> _Required action_: Print all of the data below exactly as it appears, leaving out every image.

> _Data shown_:
■ ■ ■ ■ ■

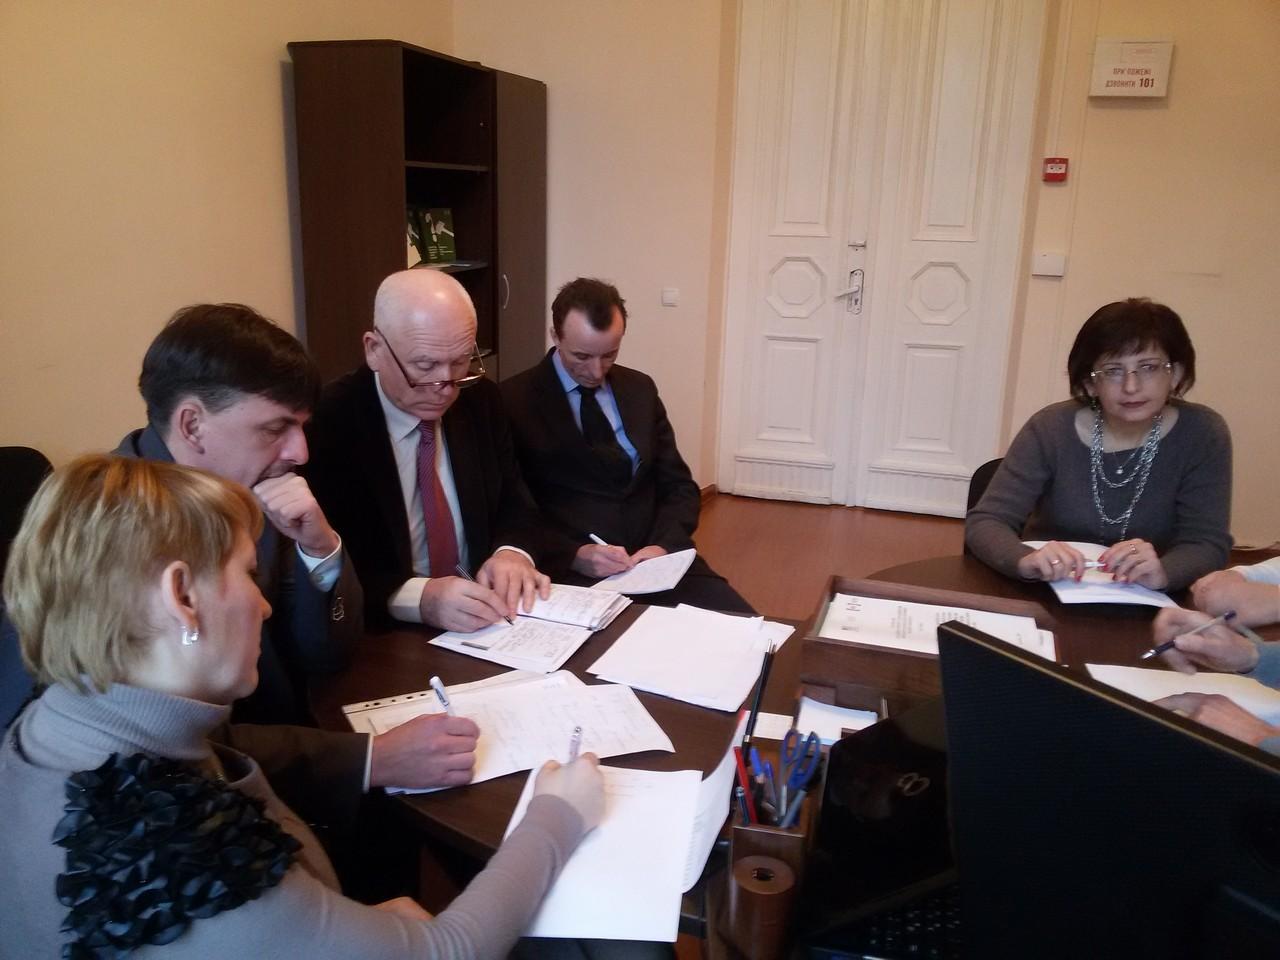 23.12.2015 board meeting 3
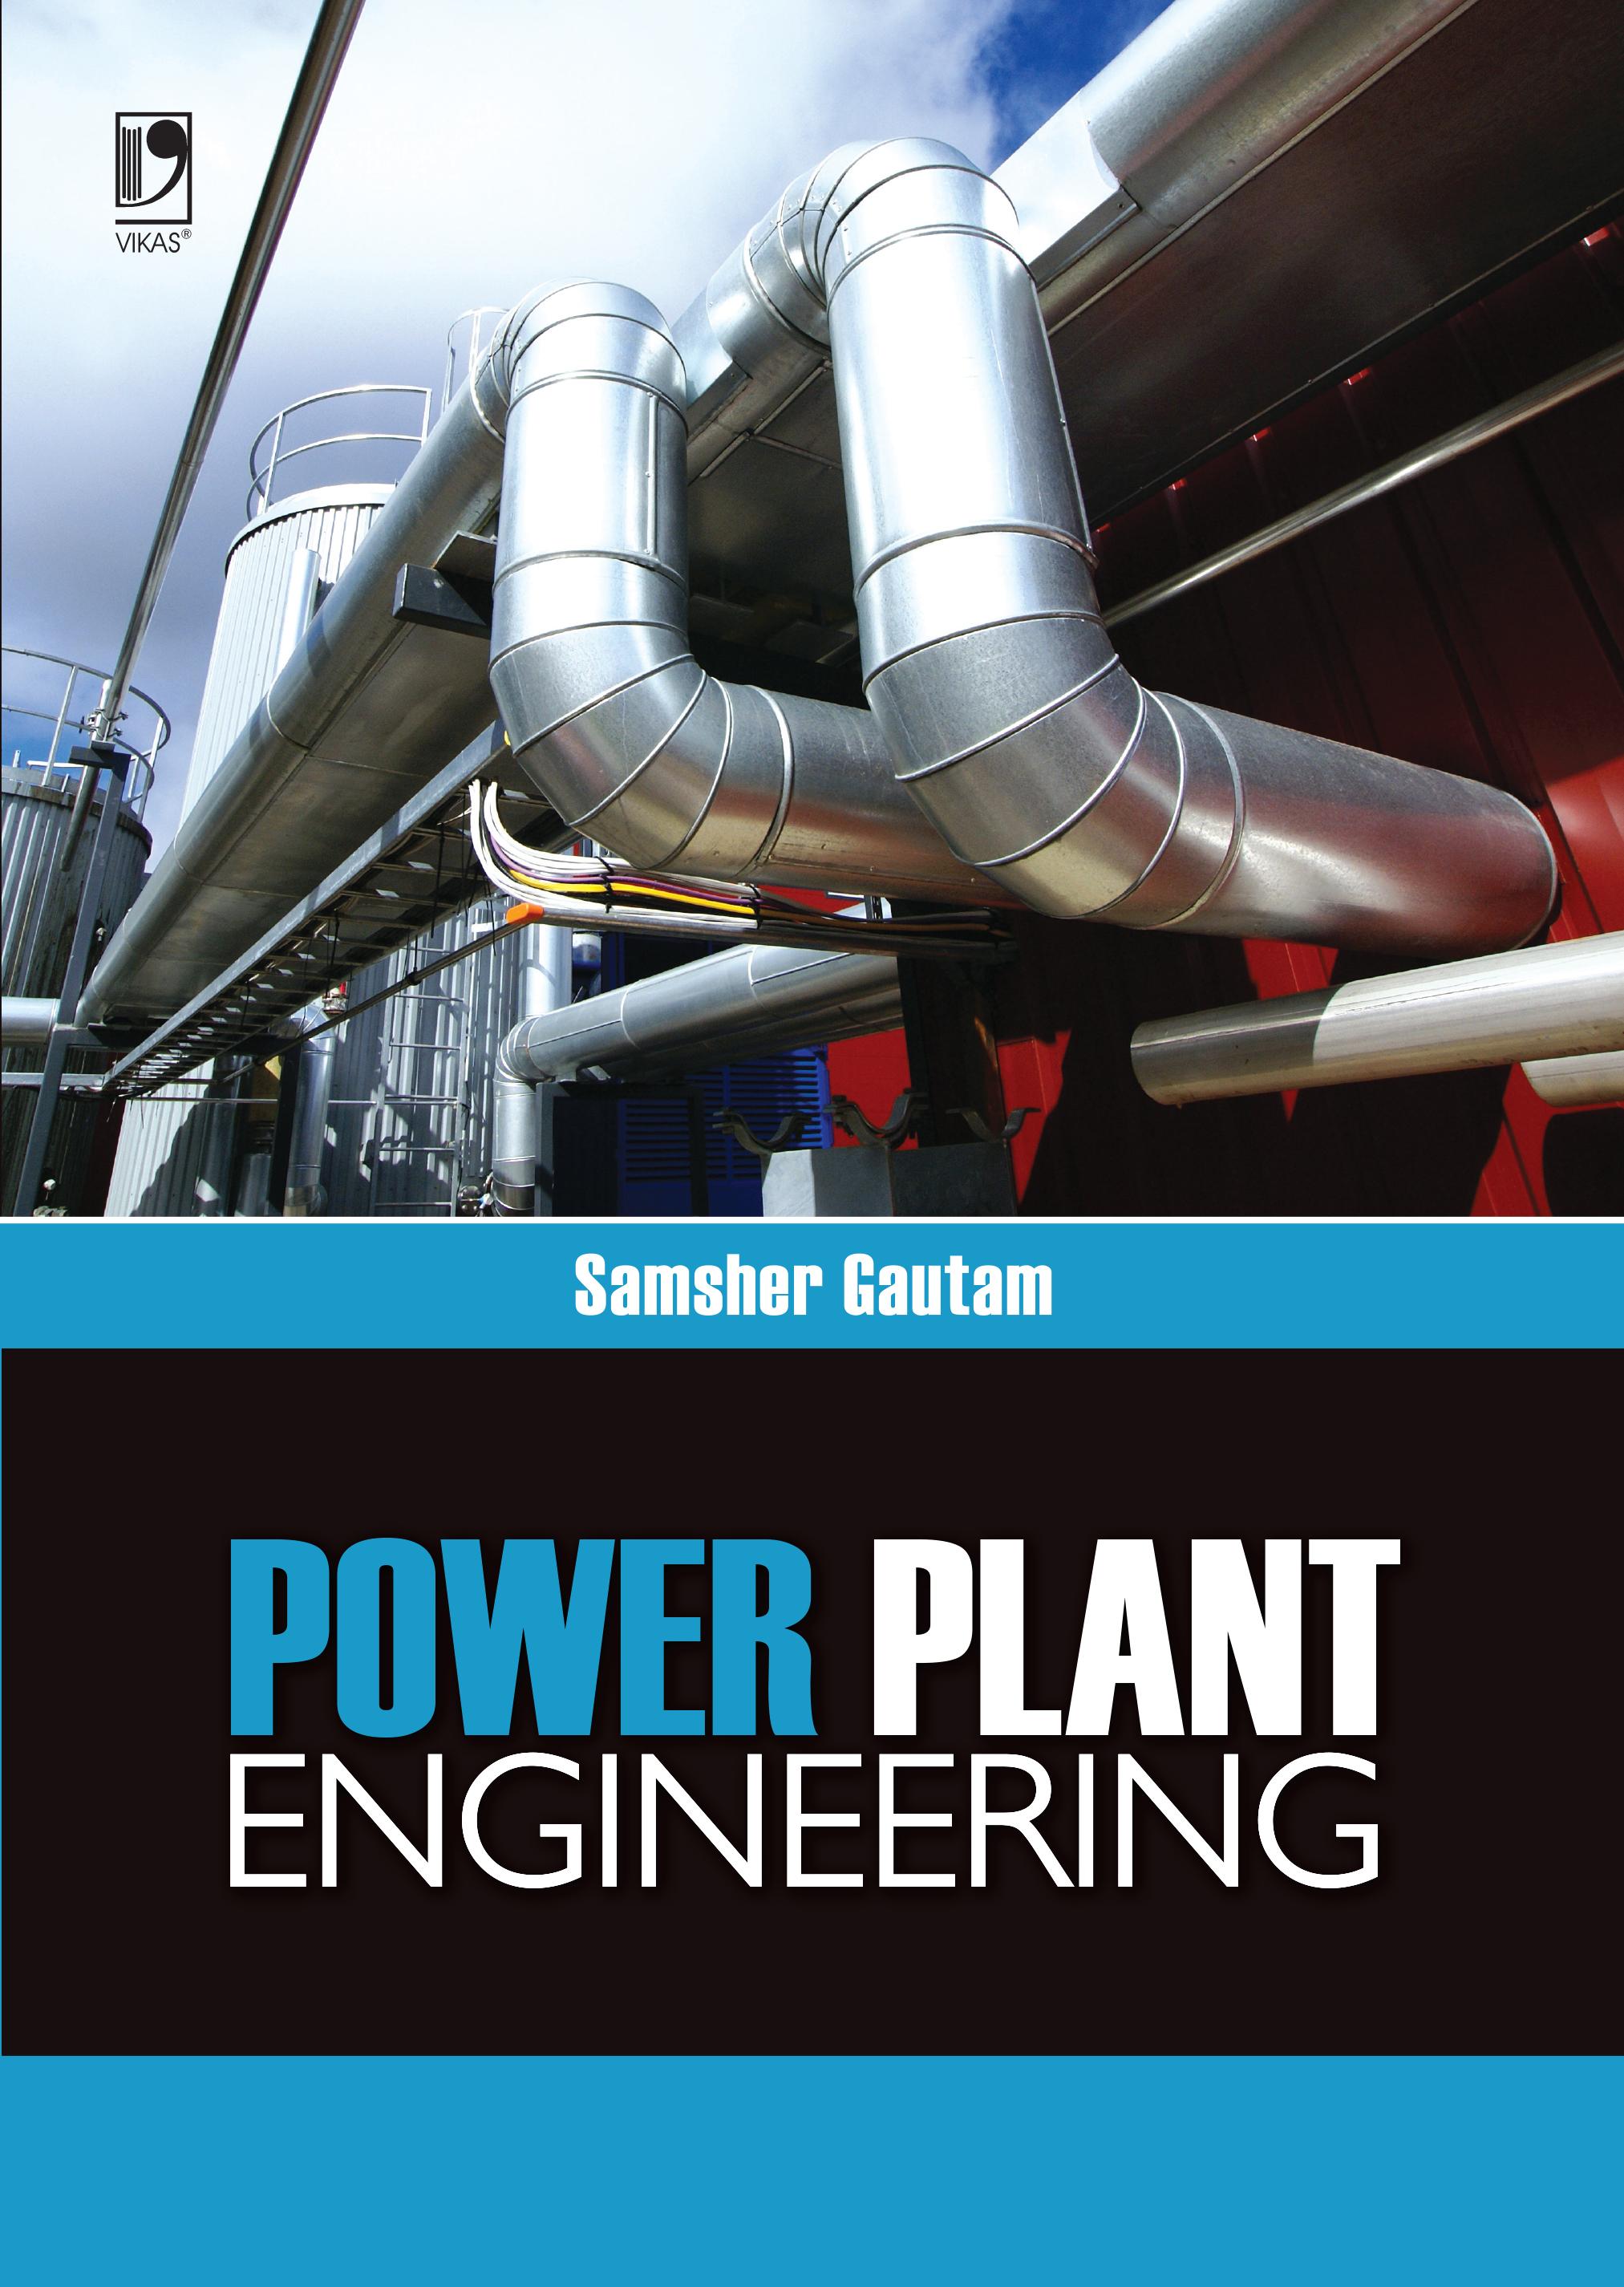 Power Plant Engineering by  Samsher Gautam
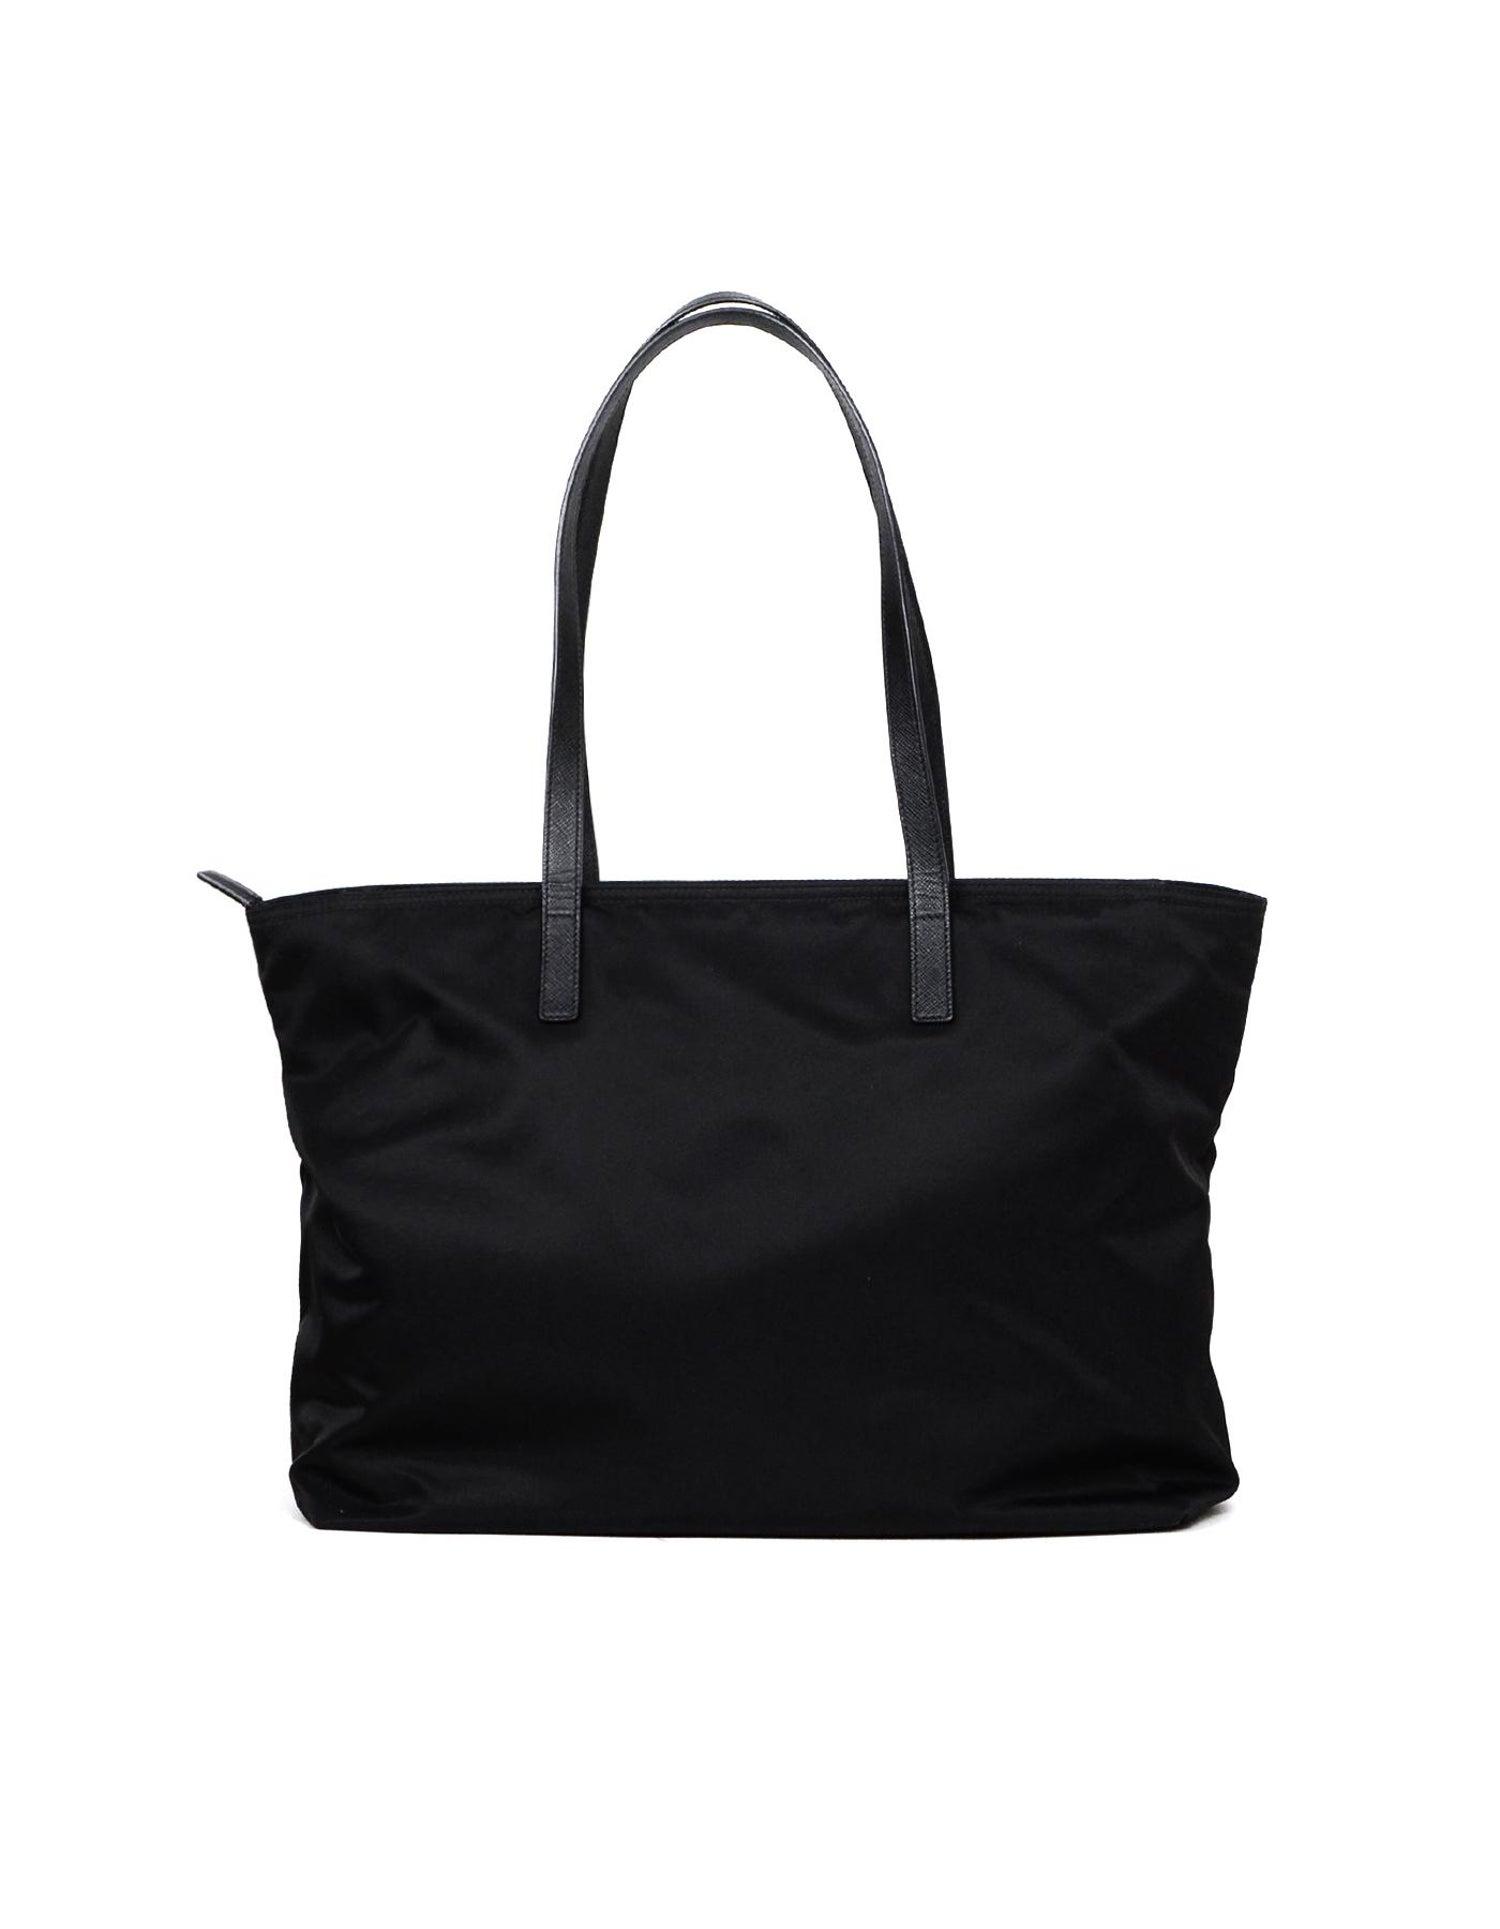 cdc77bba15d6 Prada 2018 Black Large Vela Nylon Tote Bag rt. $990 For Sale at 1stdibs

■ ■ ■ ■ ■

> _Solution to the exercise_:
 23.12.2015 board meeting 3
 Power Plant Engineering by  Samsher Gautam
 cdc77bba15d6 Prada 2018 Black Large Vela Nylon Tote Bag rt. $990 For Sale at 1stdibs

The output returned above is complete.